Opera Group to Perform on China Tour

FOR IMMEDIATE RELEASE
May 14, 1999

Joe Wills
530-898-4143

Opera Group to Perform on China Tour

Music students and faculty from California State University, Chico will celebrate the Opera Workshop’s 40th anniversary by traveling to China next fall to perform at China’s most prestigious conservatories.

Ying Yeh, director of the Opera Workshop and one of China’s best-known opera singers, will lead a group of about 20 music students to China Nov. 18-25. Music department chair James Bankhead will also be part of the contingent, along with other faculty, parents and alumni.

Yeh and the students will perform at China’s top music conservatories in Beijing and Shanghai, as well the Beijing Language and Culture University and the music conservatory in the city of Xi’an, the historic former capital of China.

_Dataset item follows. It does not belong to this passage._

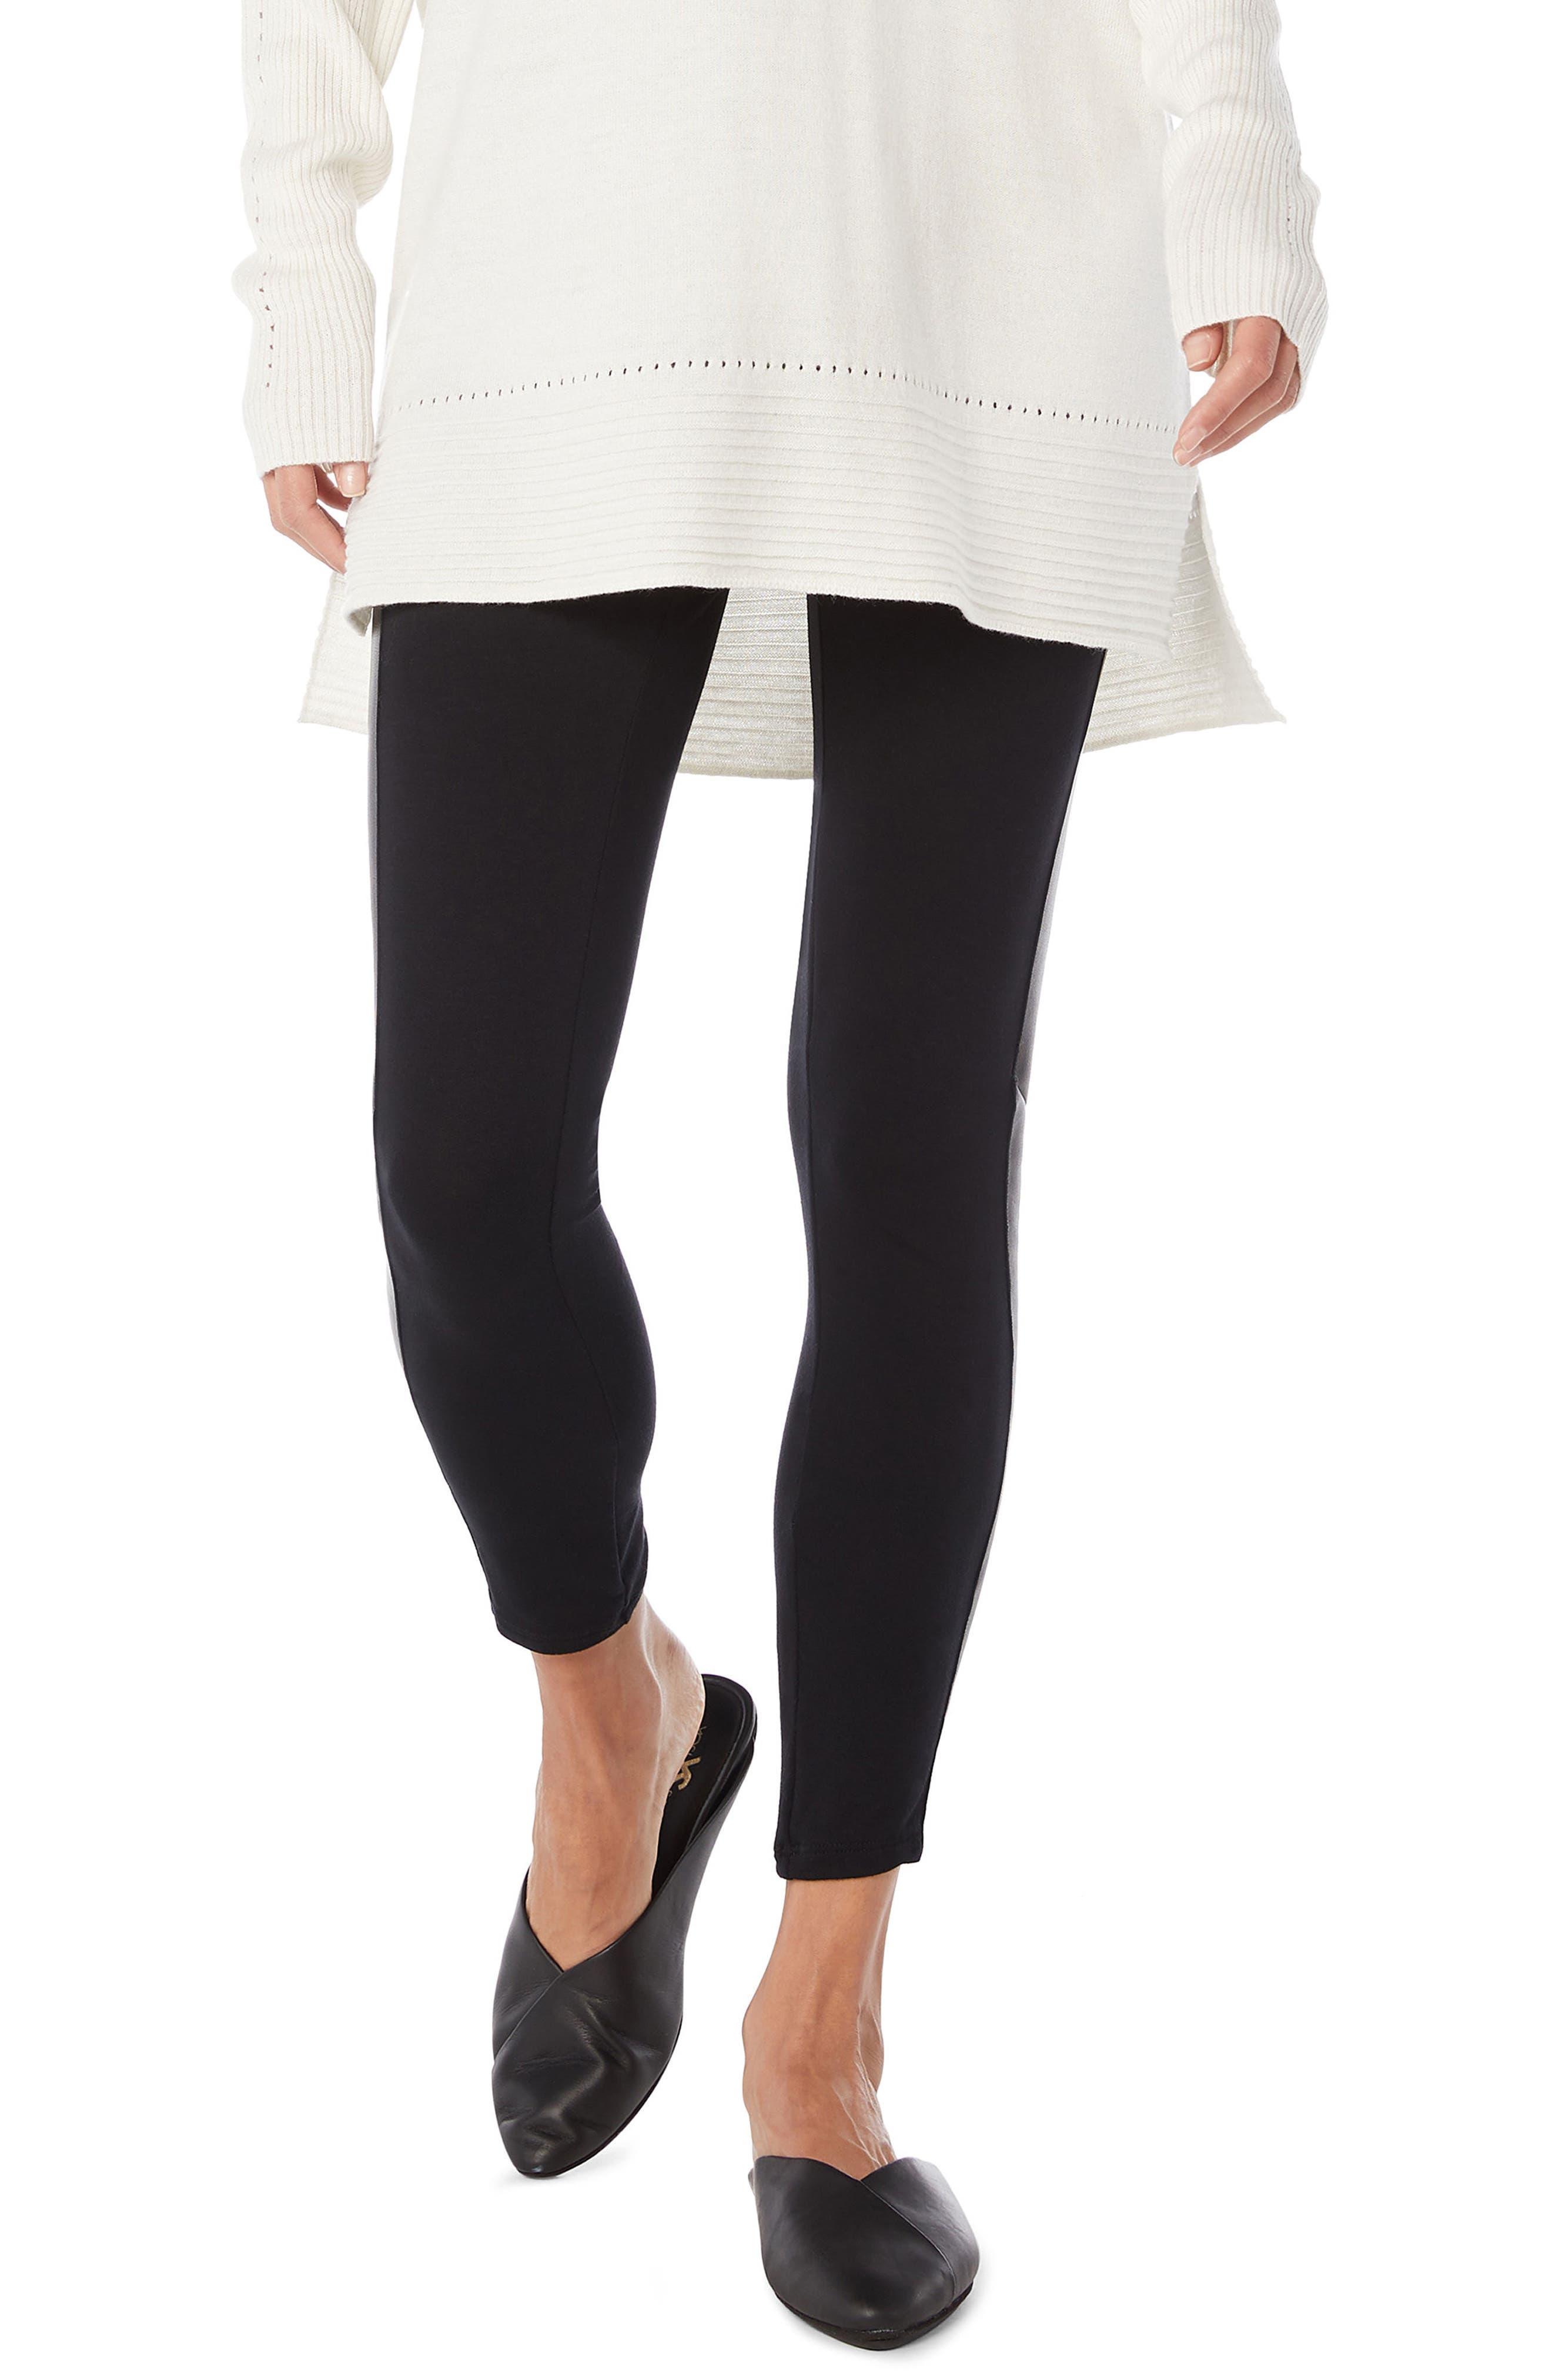 MICHAEL STARS Tuxedo Stripe Leggings, Main, color, BLACK/ BLACK

While visiting the three Chinese cities, the group will take time to see the Great Wall, the Forbidden City, Tian’anmen Square, the Terra-Cotta Warriors and other landmarks.

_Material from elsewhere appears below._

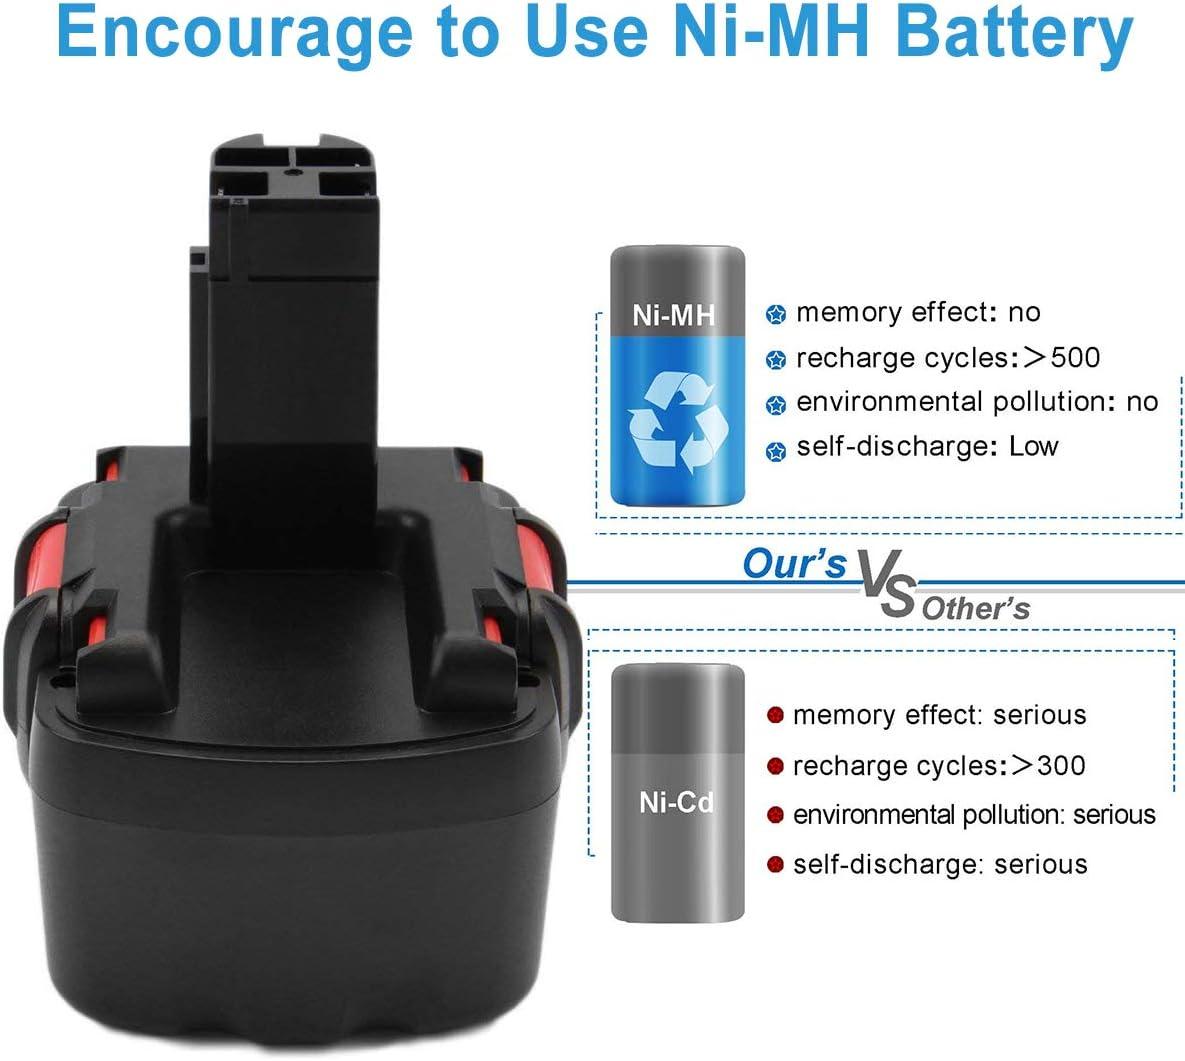 Topbatt 14.4V 3.0Ah pour Bosch batterie de remplacement Ni-MH BAT038 BAT040 BAT0

In addition, the group will rendezvous with English professor Frank Li and 15 CSU, Chico students who will be spending the fall semester at the Beijing Language and Culture University. This is the first year of CSU, Chico’s Beijing Semester program.

Yeh said a television station in Beijing is planning to do a news feature about the visit of CSU, Chico students and faculty.

“I don’t think we have ever led a student group like this to China before,” said Yeh. “It is a tremendous opportunity for them to explore a different culture and share our music.”

The students are planning to perform standard opera pieces, American pieces and some Chinese music.

The China trip is open to all CSU, Chico faculty staff, students and alumni. The cost will be $1,595, which includes transportation, lodging and meals for the eight-day trip. For more information about the trip, call 530-898-4082.

Yeh said people in China are embracing classical music more and more. Last year, Puccini’s “Turandot” was produced in China’s Forbidden City, and it was extremely popular, she said.

Yeh, the first opera singer permitted to leave China and perform internationally after the Cultural Revolution, was videotaped earlier this year by a visiting Chinese television crew for a special Chinese New Year broadcast Feb. 16.

The two-and-one-half hour Chinese New Year broadcast, produced and aired by Chinese Central TV, was one of the most-watched programs in China, which has a population of 1.2 billion people.

CSU, Chico’s Opera Workshop, founded in 1959, offers young singers the opportunity to work closely with music faculty and perform a wide range of opera and operetta music. Recent productions have included Mozart’s “The Marriage of Figaro,” Puccini’s “La Boheme” and the spring 1999 production of Verdi’s “La Traviata.”